Mina opened her mouth, but she must have changed her mind about whatever she’d been about to say. She closed it again with a snap and took a moment to collect herself. Then she smiled a queer little smile that gave Frank gooseflesh because it looked so forced, and she said, “You mustn’t do this,” using a voice that surprised Frank. Suddenly, she was kind and gentle, as if speaking to someone infirm. “No one will blame you for not wanting to see her like that. No one can expect you to put yourself through such an ordeal.”

VanDamm considered this for a moment, wanting to agree with her, and then he remembered something. “I thought you said someone already identified her,” he said to Frank. “An old family friend.”

Mina looked shocked, as well she might. “A family friend?” she echoed incredulously.

“She didn’t exactly identify her. Your daughter’s name was sewn into her jacket, and this woman said she’d thought the girl looked like Miss Mina VanDamm. She knew you, she said.”

“Who is she?” Mina asked skeptically.

“Sarah Brandt. She’s a midwife.”

Mina widened her eyes at him. “I know no such person, although I suppose it’s possible she may know of me. We’re one of the oldest Knickerbocker families in New York.”

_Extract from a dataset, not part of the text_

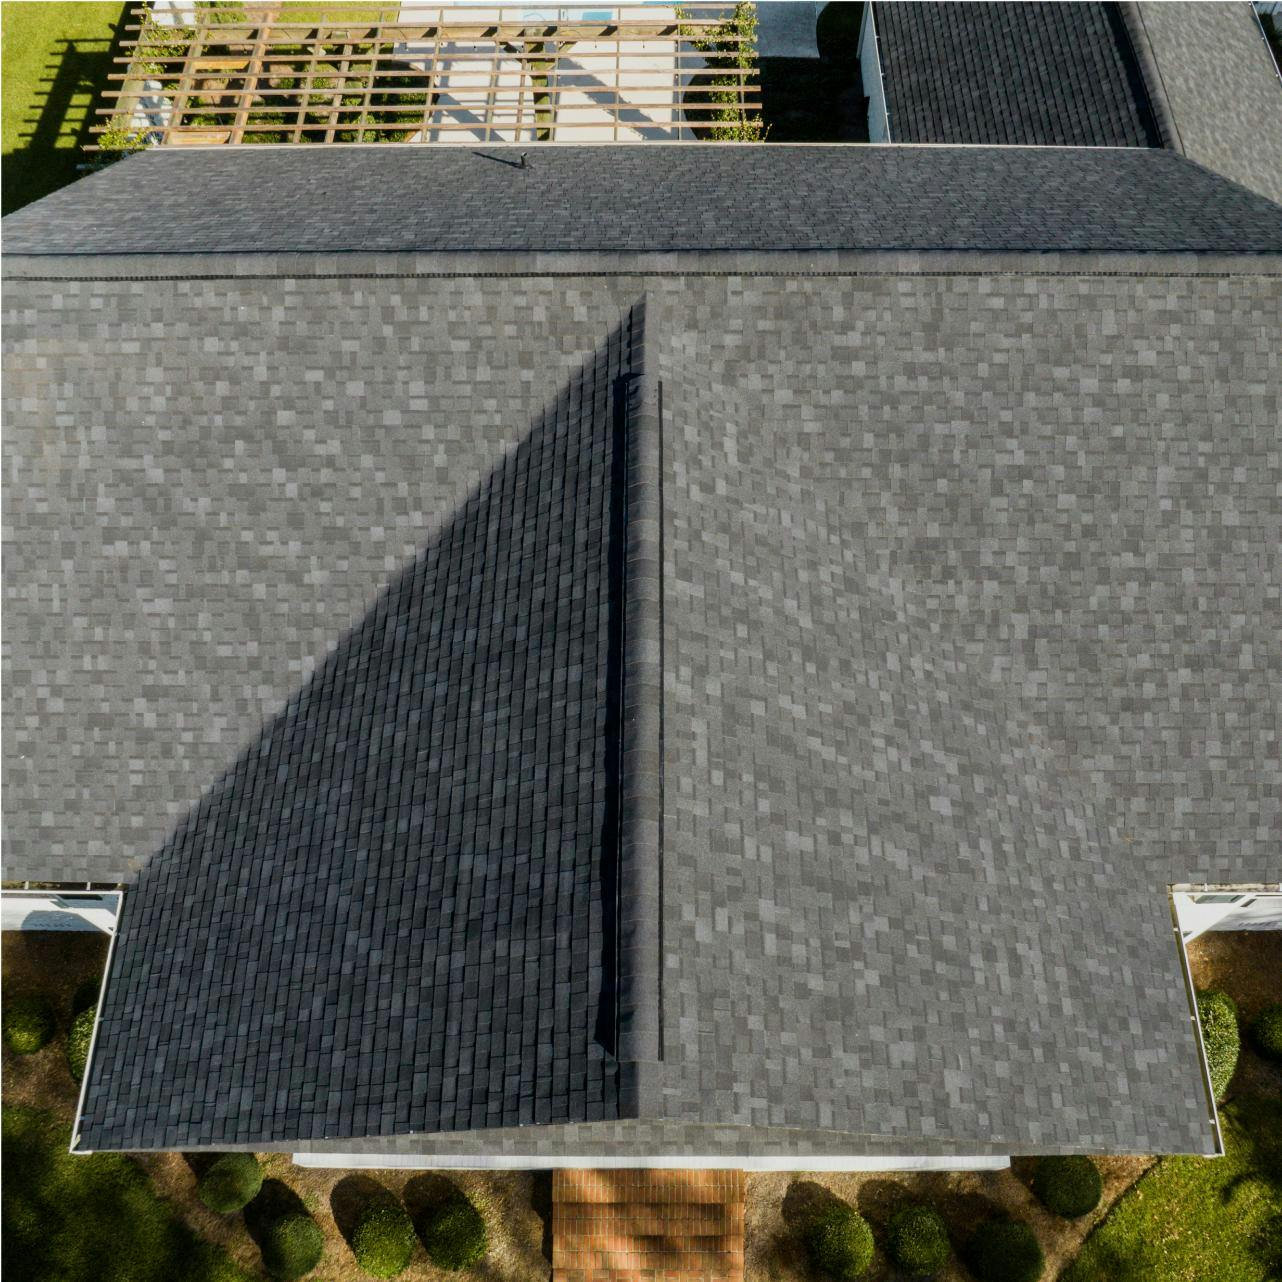 Architectural Asphalt Shingles | Onyx Black | Evans County Residental Roofers | Residential Roofing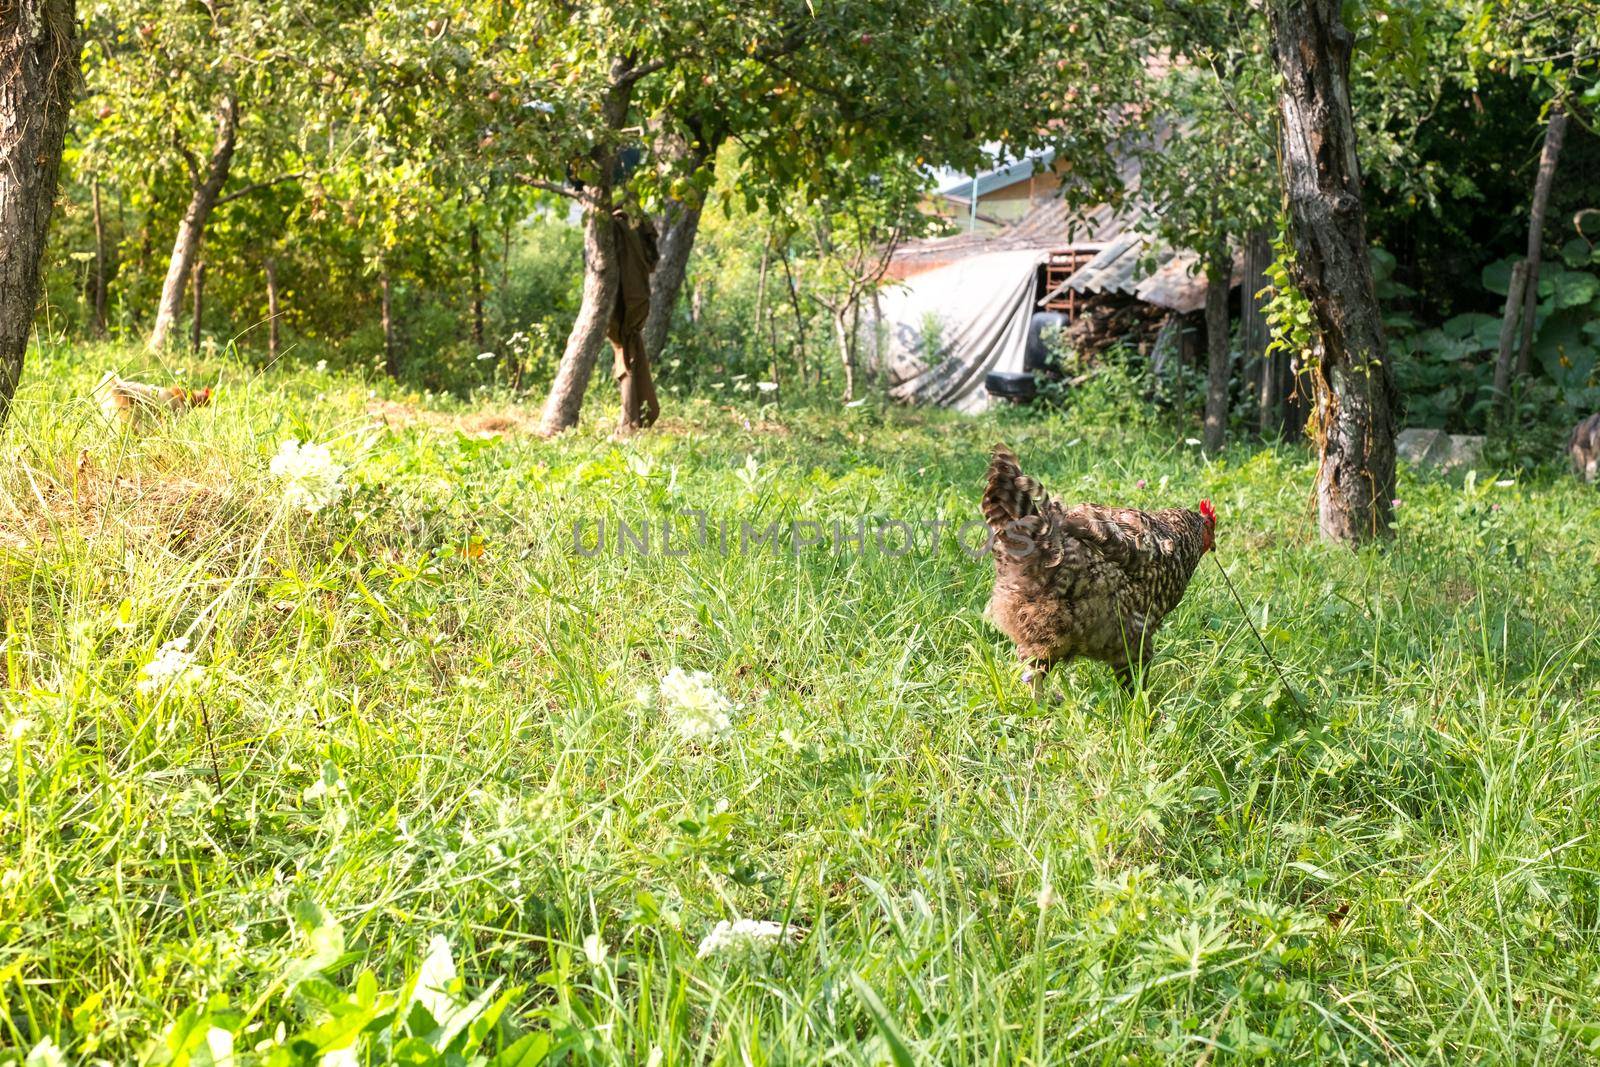 chickens in the country yard by Roberto

She didn’t have to tell Frank, of course. Everybody knew the Dutch families-dubbed Knickerbockers ages ago because of the knee britches the early arrivals had worn-had been the first to settle in what was then New Amsterdam. Frank didn’t think that made them particularly special, just because their ancestors had fled persecution a hundred and fifty years before his had, but that was the way of the world. Mina VanDamm seemed intent on making the most of it, too.

“In any case,” Frank explained doggedly, “Mrs. Brandt hadn’t seen Alicia in a number of years, so she couldn’t make a positive identification.”

Mina VanDamm sighed to show her impatience, then she had another thought. “Alfred can go, then,” she told her father. “He’ll recognize Alicia as well as any of us.”